NATIONAL JURIST MAGAZINE

This interview was done by the National Jurist magazine right after I settled a Fen Phen lawsuit in San Francisco with one of the largest defense firms in California, Gordon & Resse, LLP. This is a true "David and Goliath" legal story and I came out on top! It really gave me momentum in the personal injury world. The case was a Mass Tort Class Action lawsuit against one of the largest corporation in the United States at the time, American Home Products. Here is what the interview says:

Class Action Hero

[Thomas Jefferson grad filed a major class action suit, just one year out of law school]

By Paul Hughes

"Last summer, just one year out of law school, Mark Blane was still looking for a job and hoping to find his place in the legal profession. Today, like magic, he is one of the key attorneys in a major class action lawsuit at the center of the torts litigation world.

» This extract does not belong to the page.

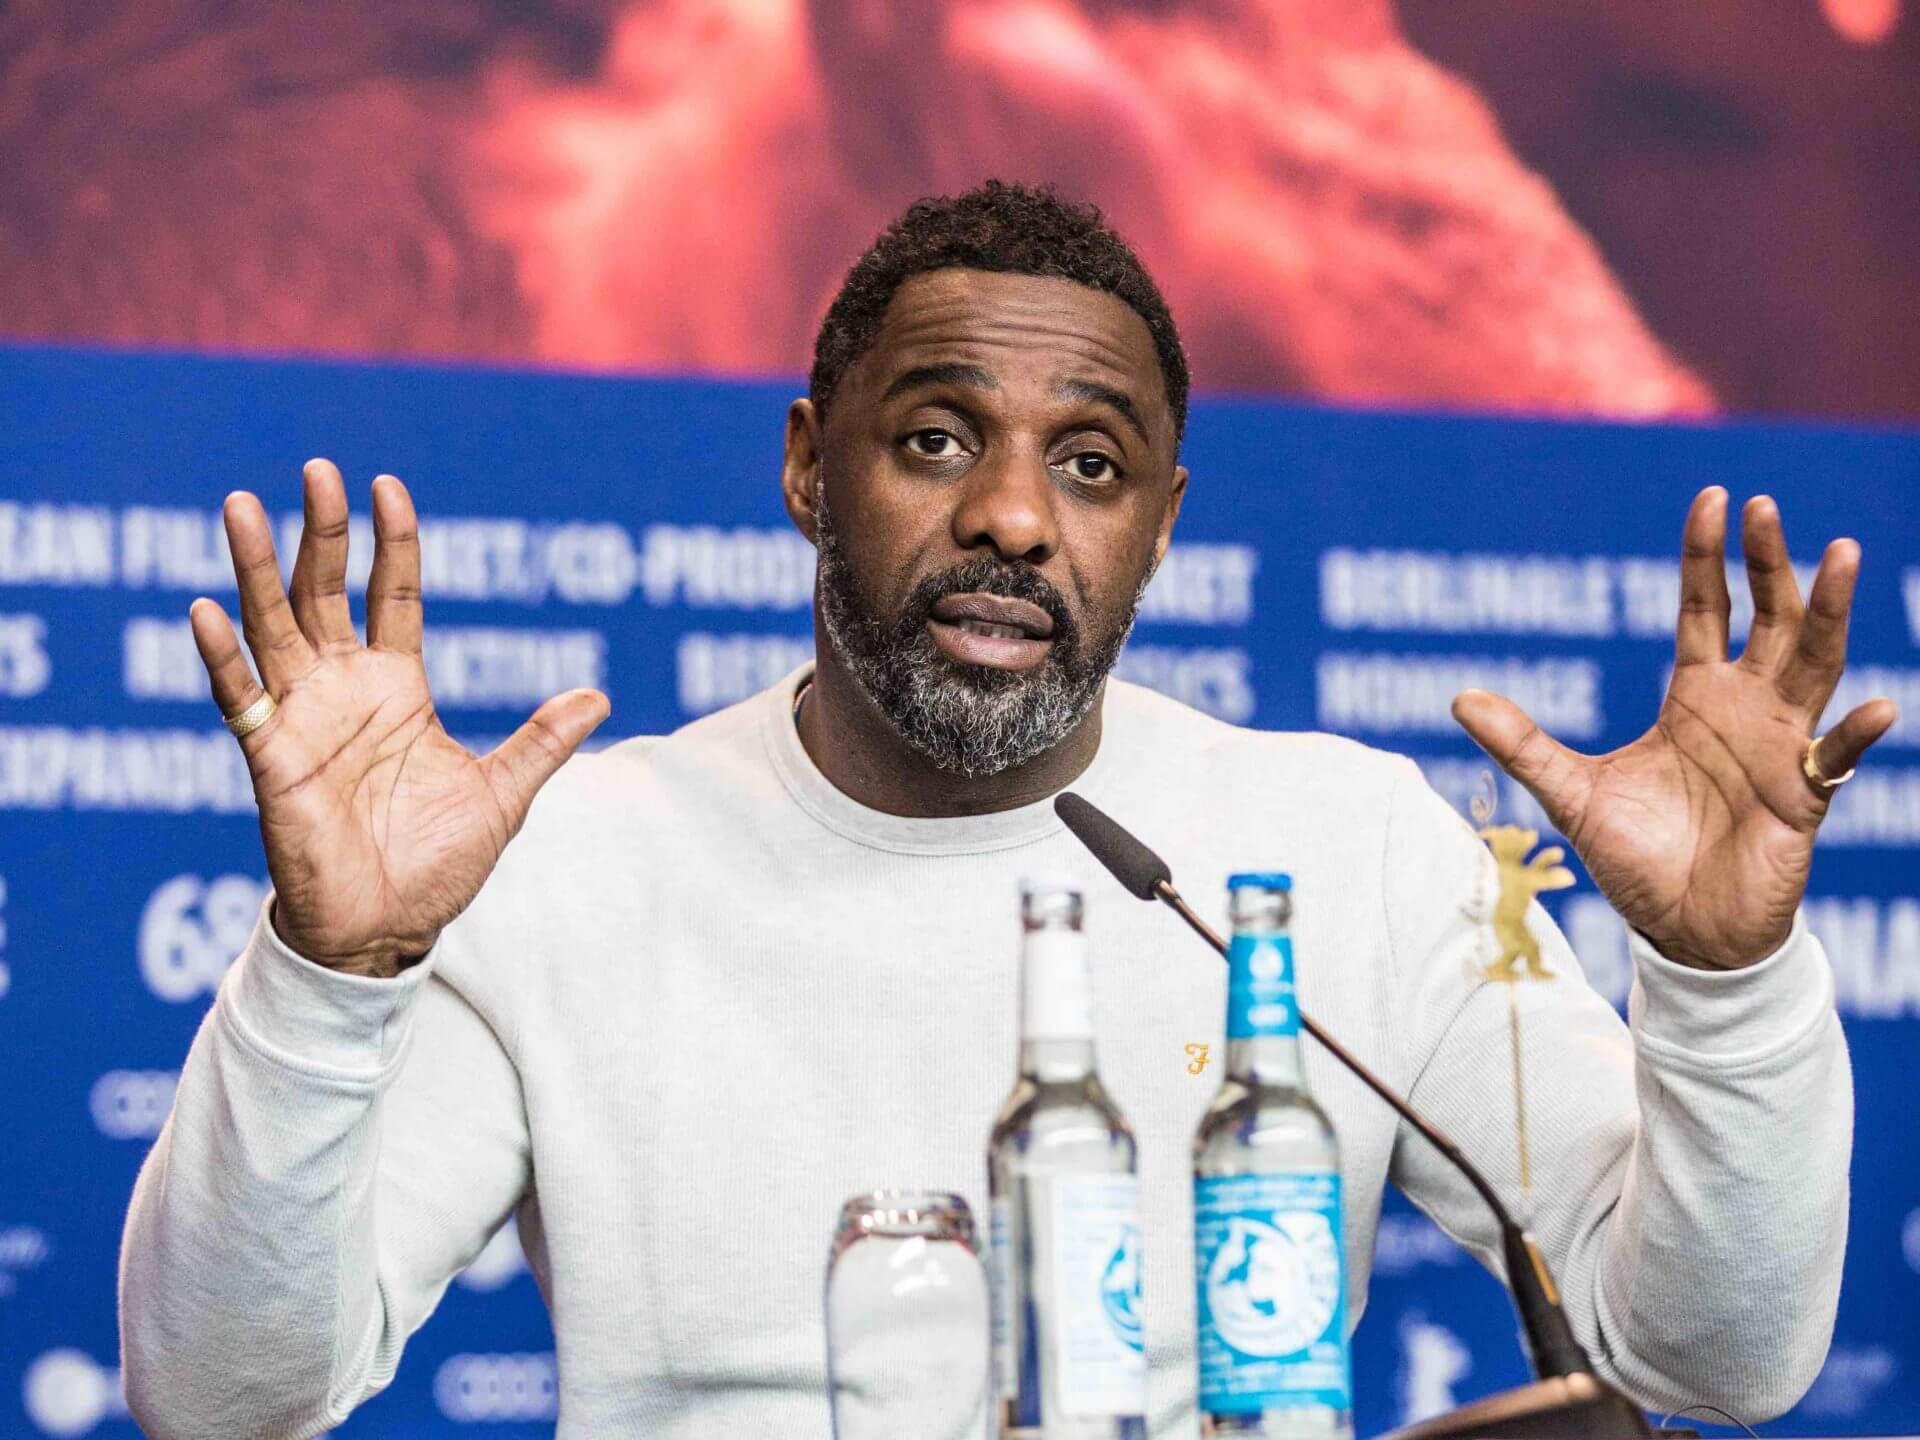 Idris Elba quibi
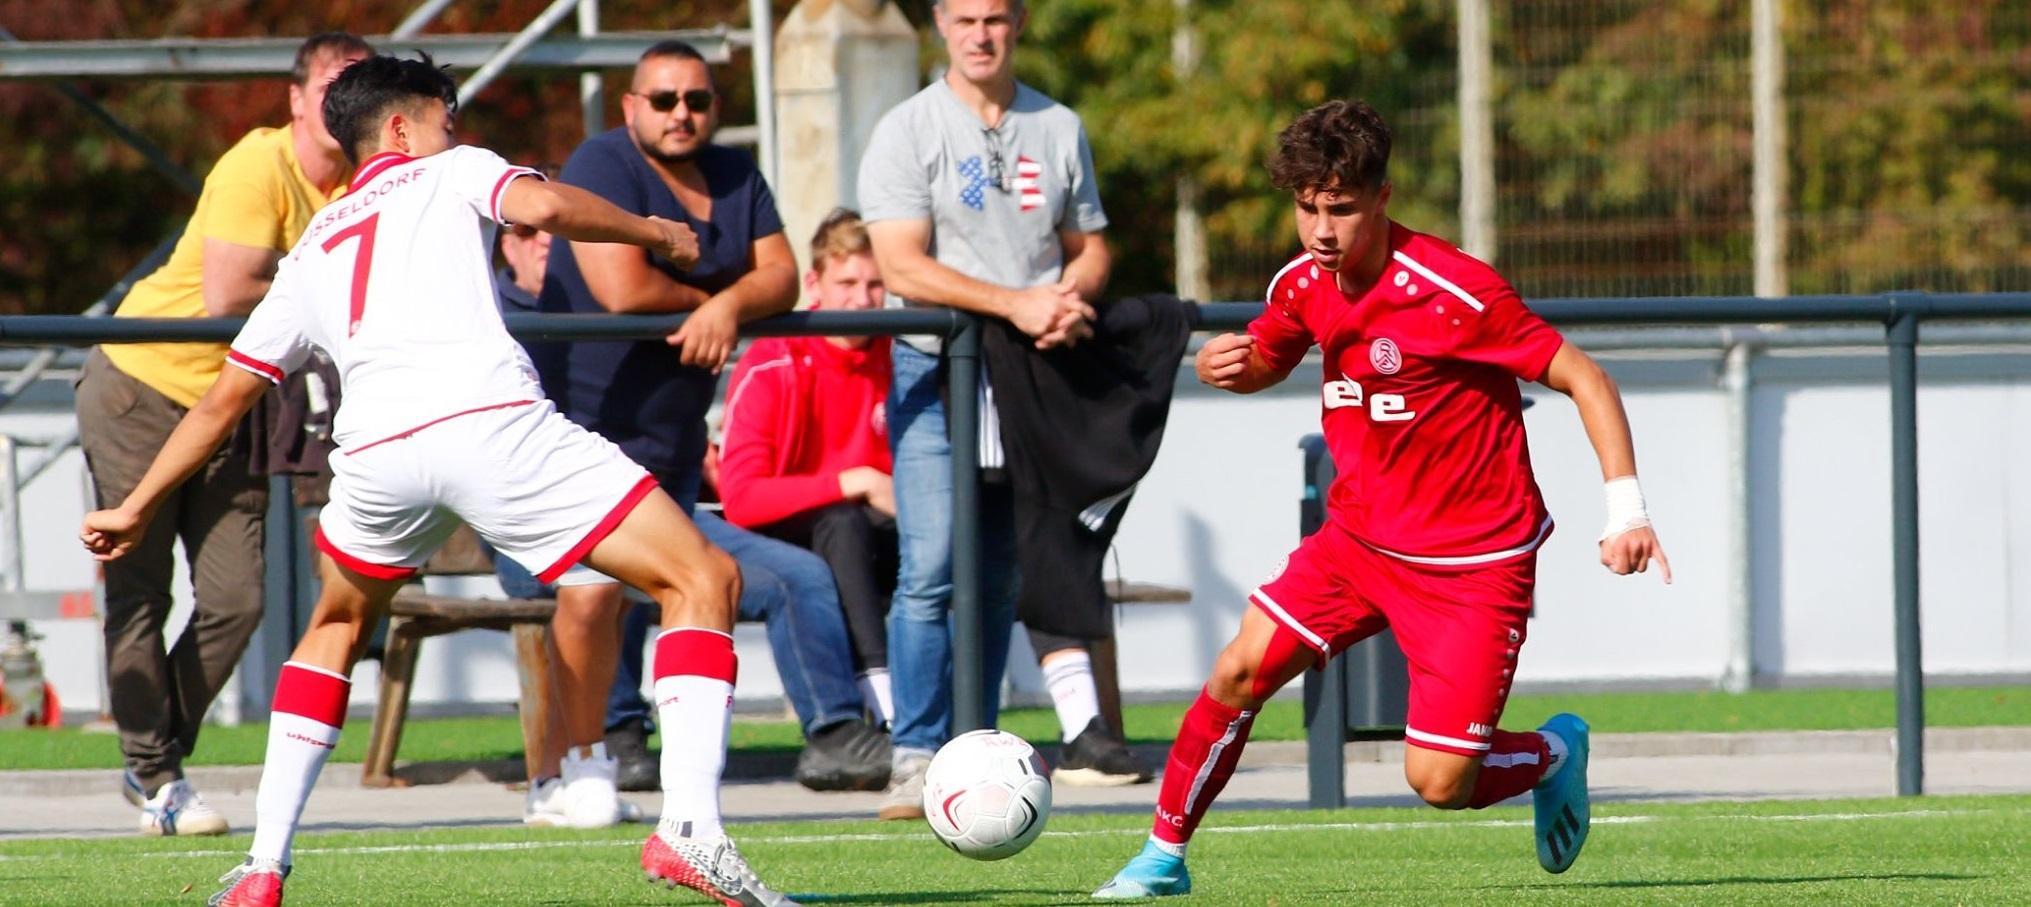 Die Rot-Weisse U17 trifft am Sonntag auf die U16 der SG Unterrath 12/24. (Foto: Breilmannswiese)

It's a pretty good trick, based largely on foresight and some "magic" beans. he and former classmate, Chad McGuire, took on the makers of a diet drug pill combination known as Phen-Fen, which became a weight-loss fad but has since turned uglier than 50 pounds of lard. Pending court actions now blame the drug cocktail for causing hundreds of cases of heart damage, some serious.

Blane didn't get where he is through dumb luck. Even as an 11-year-old scrubbing grubby golf clubs for lawyers at a country club, he knew he wanted to follow in their footsteps. After earning a B.S. in psychology and a B.C.J. in criminal justice at Louisiana State University, he moved on to Thomas Jefferson School of Law in San Diego - the perfect combination, he said, of "me, sun and surf." There, he clerked for the district attorney, graduated and later passed the bar in June 1999.

"I had to pass; I was near broke," he said. "I literally had nothing to fall back on. It was do or die."

Blane's rise seemed to sputter, however, as he looked for work. He took on contract work, enforcing child-support payments for the district attorney's office and  making substitute court appearances for lawyers who couldn't be in court for one reason or another.

Then he hooked up with law school classmate McGuire, who graduated in December 1999. Together, they saw an opportunity to use their legal skills for something rewarding - helping McGuire's aunt, who had taken Phen-Fen for two years and had begun experiencing heart valve problems. Though the maker of the two drugs in Phen-Fen, American Home Products (AHP) of Madison, N.J; had taken them off the market in 1997, several class action and other lawsuits had begun. The two young attorneys filed suit on behalf of the aunt.

Of course, Blane was hoping that no one would look behind the curtain to see a young attorney with no office, one year out of law school, on his first case - taking on one of the world's 10-largest pharmaceutical companies.

"Thinking back on it now, I was scared, but had nothing to lose," Blane said.

The risk paid off. Blane and McGuire's nerve caught the eye of David Hiden, founding partner of Hiden, Rott & Oertle, a San Diego law firm. Hiden had met Blane in court when he was opposing counsel on one of Blane's stand-in jobs. And when Hiden heard of the aunt's case, he was impressed and offered the two men, who mulled over starting a practice, jobs with his firm.

"David took us in when we wer practically starving," Blane said. [We] became associate members...and our precious Phen-fen case now had a home."

Sicne then, Blane has found 75 more Phen-Fen clients in HR&O's labor union contracts.

A federal judge signed off on the overall class action settlement in August 2000, in which AHP agreed to $3.75 billion in payouts between $37,000.00 and $1.5 million per person, based on age and the severity of damage. A settlement was reached 15 months after the lawsuit was filed in the aunt's case.

Blane and McGuire are now focused on new cases in the defective tire controversy involving Ford Motor Co. and Bridgstone/Firestone, Inc.

Blane says he expects these and future high stakes personal injury cases to bring him more than lucrative financial rewards."